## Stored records
--------------------------------------------------

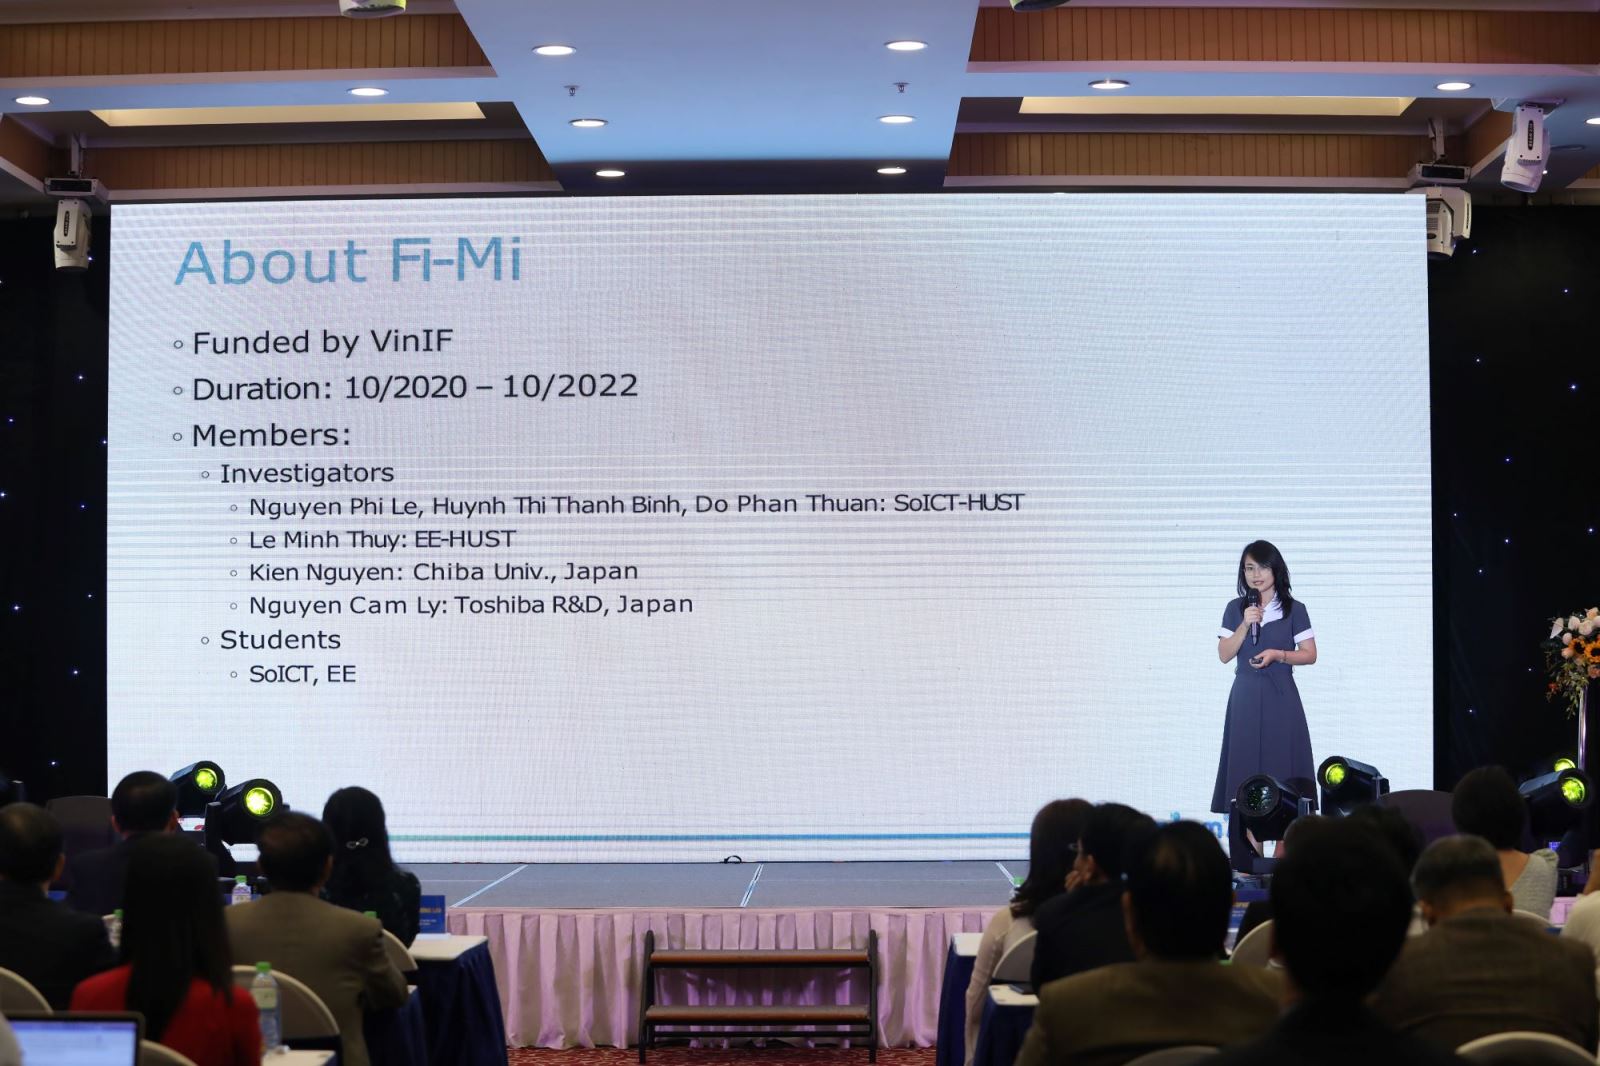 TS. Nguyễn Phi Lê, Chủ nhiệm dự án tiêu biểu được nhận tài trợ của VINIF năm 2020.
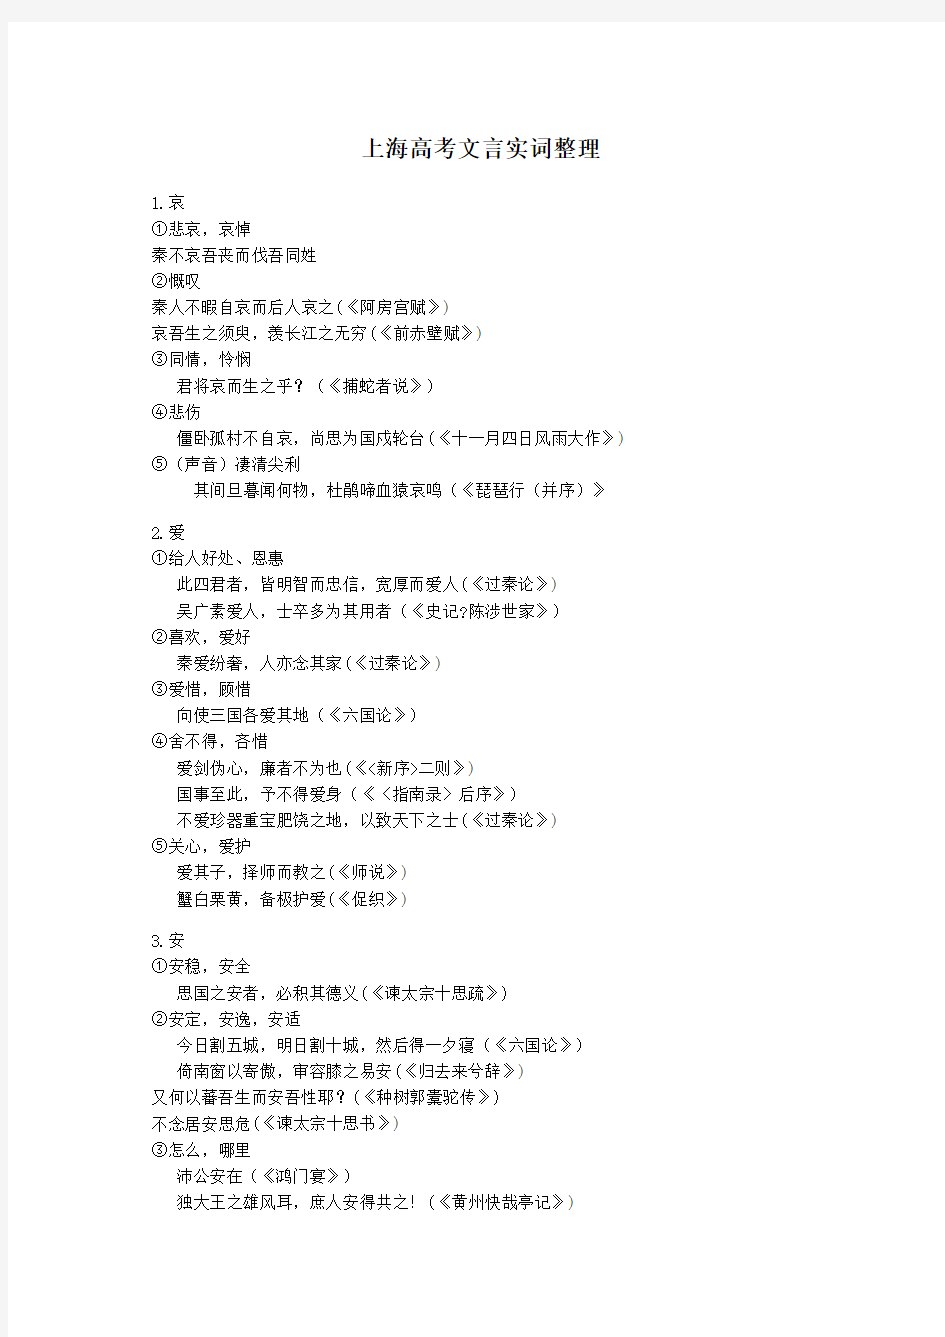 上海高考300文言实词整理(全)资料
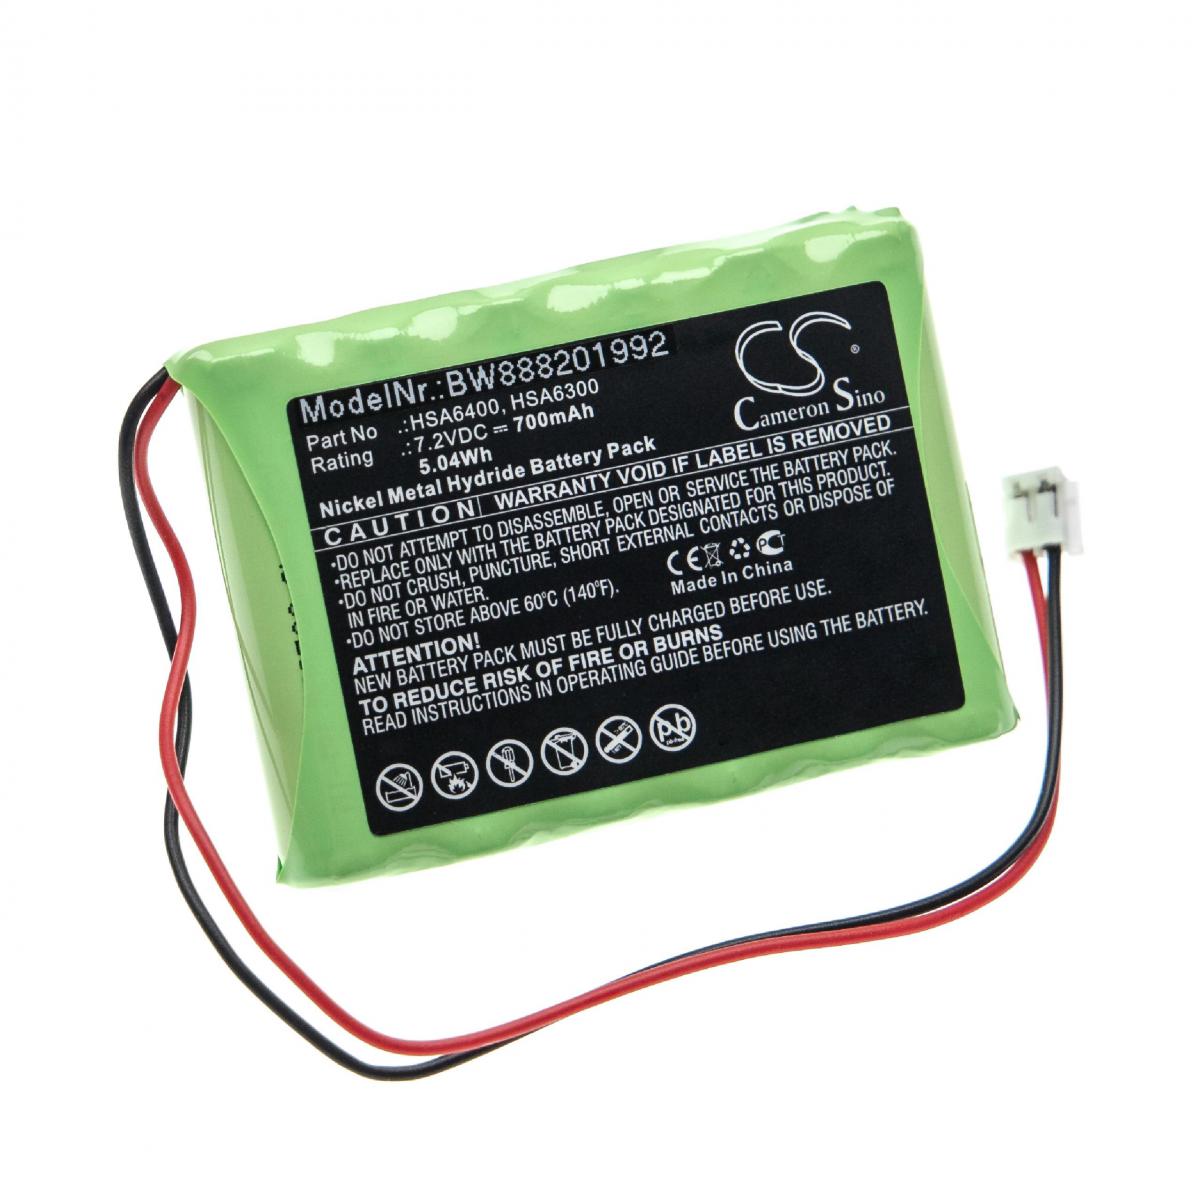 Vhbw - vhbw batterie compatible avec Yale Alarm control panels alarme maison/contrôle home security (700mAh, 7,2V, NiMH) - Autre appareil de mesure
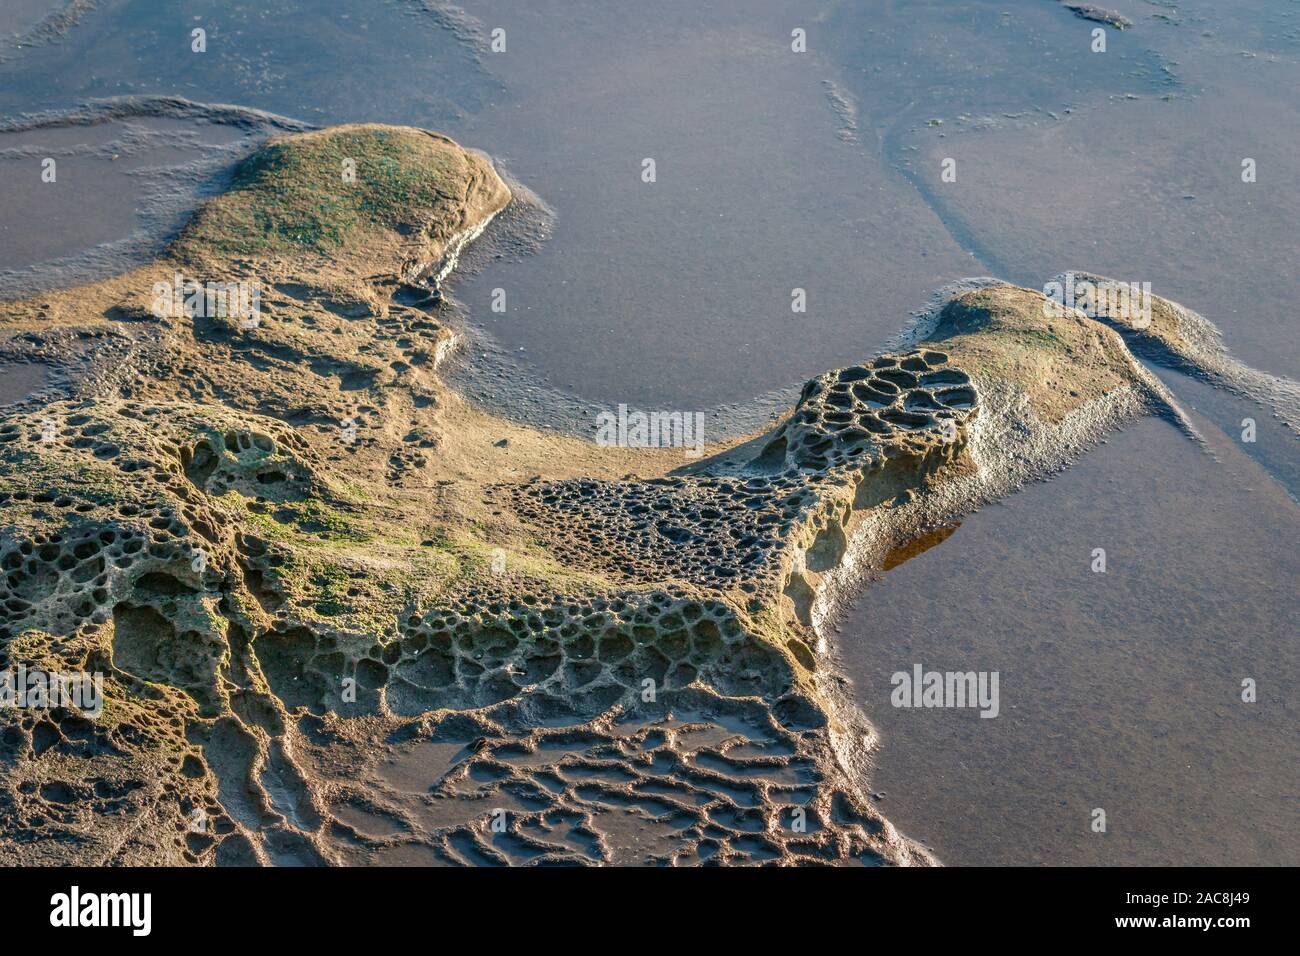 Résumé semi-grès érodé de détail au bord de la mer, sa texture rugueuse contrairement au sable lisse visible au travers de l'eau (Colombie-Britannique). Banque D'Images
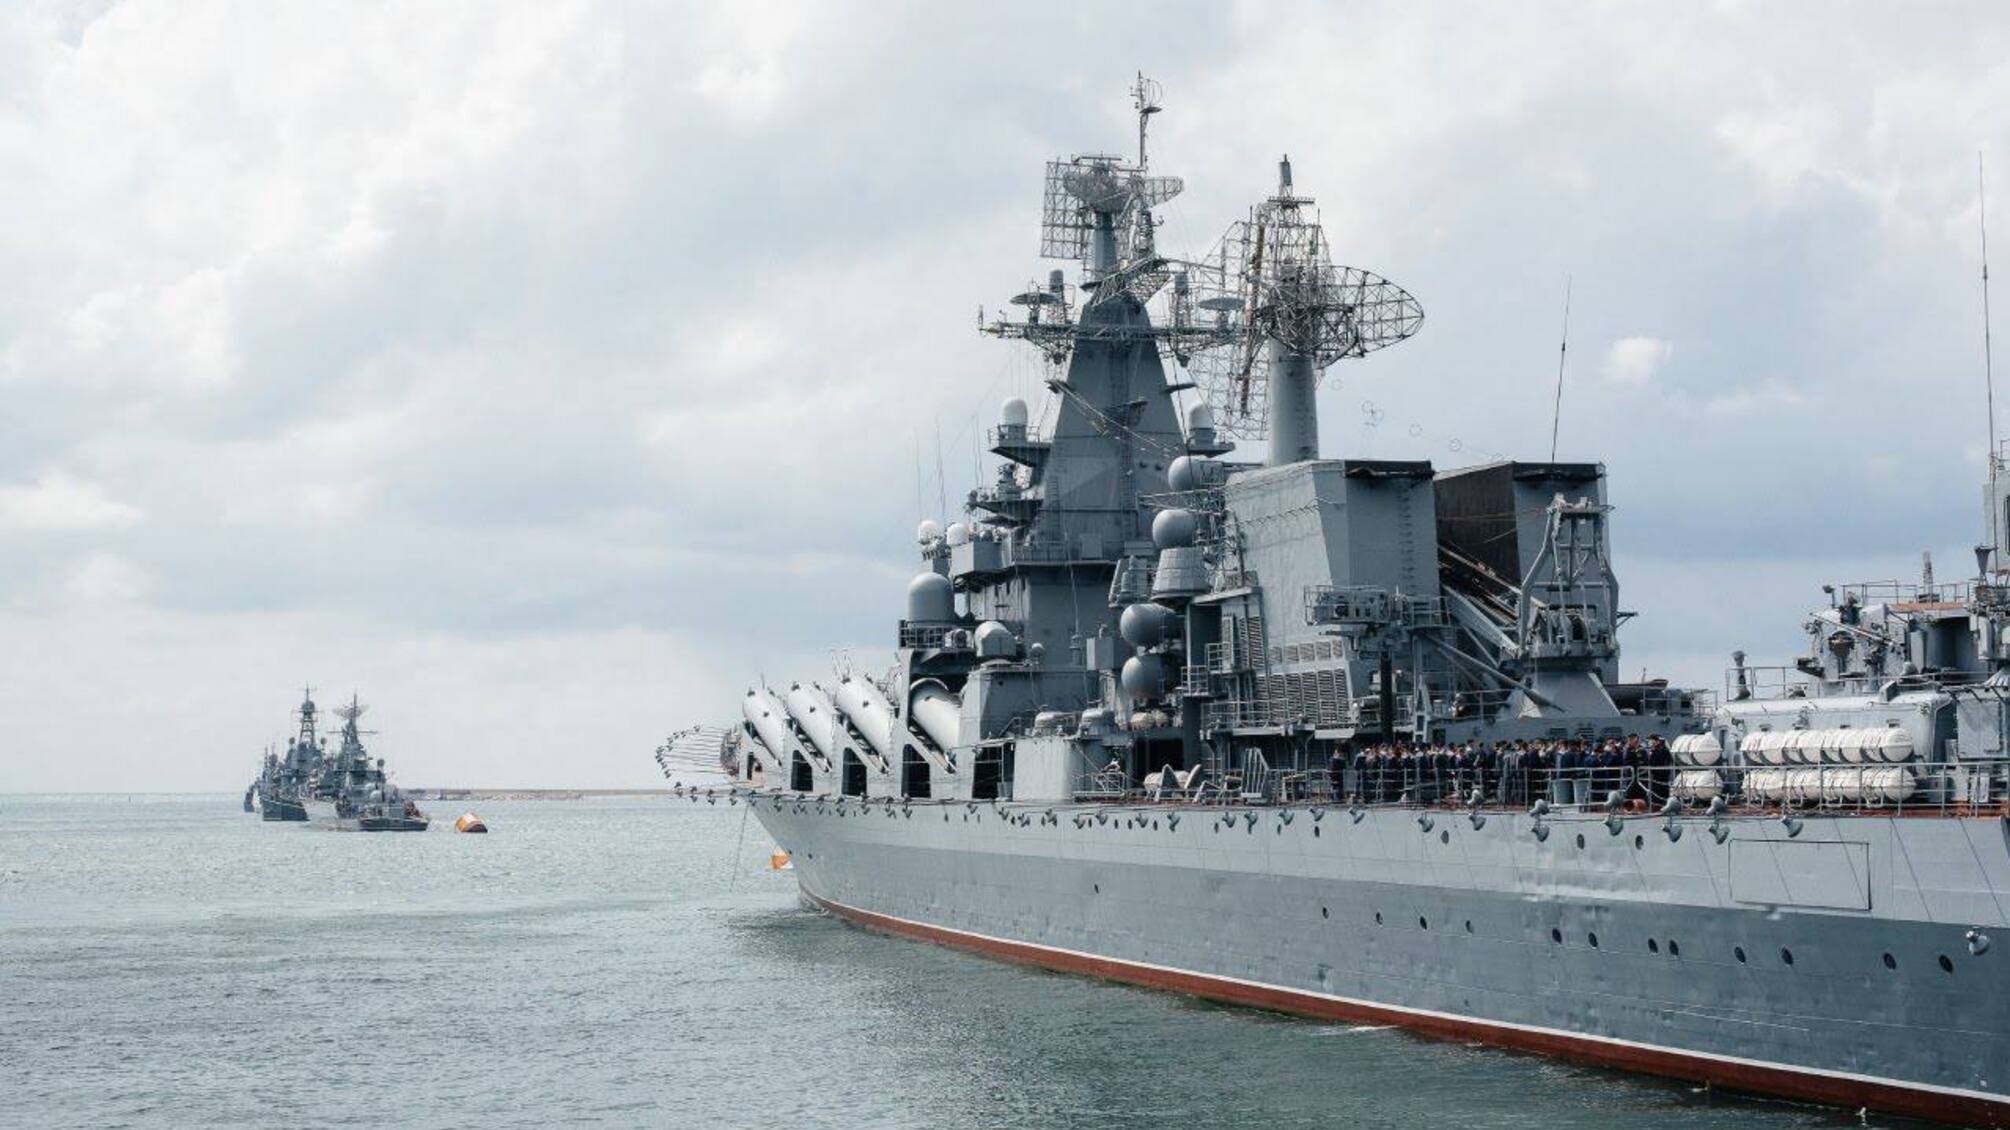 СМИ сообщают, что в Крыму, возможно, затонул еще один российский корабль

--------------------------------------------------

## REQUIREMENT
Starting with the line that contains "Résumé semi-grès érodé", print every remaining line of the records above, exactly as it stands. Do not print the pictures.

## SOLUTION FOR THIS EXERCISE
 Résumé semi-grès érodé de détail au bord de la mer, sa texture rugueuse contrairement au sable lisse visible au travers de l'eau (Colombie-Britannique). Banque D'Images
 СМИ сообщают, что в Крыму, возможно, затонул еще один российский корабль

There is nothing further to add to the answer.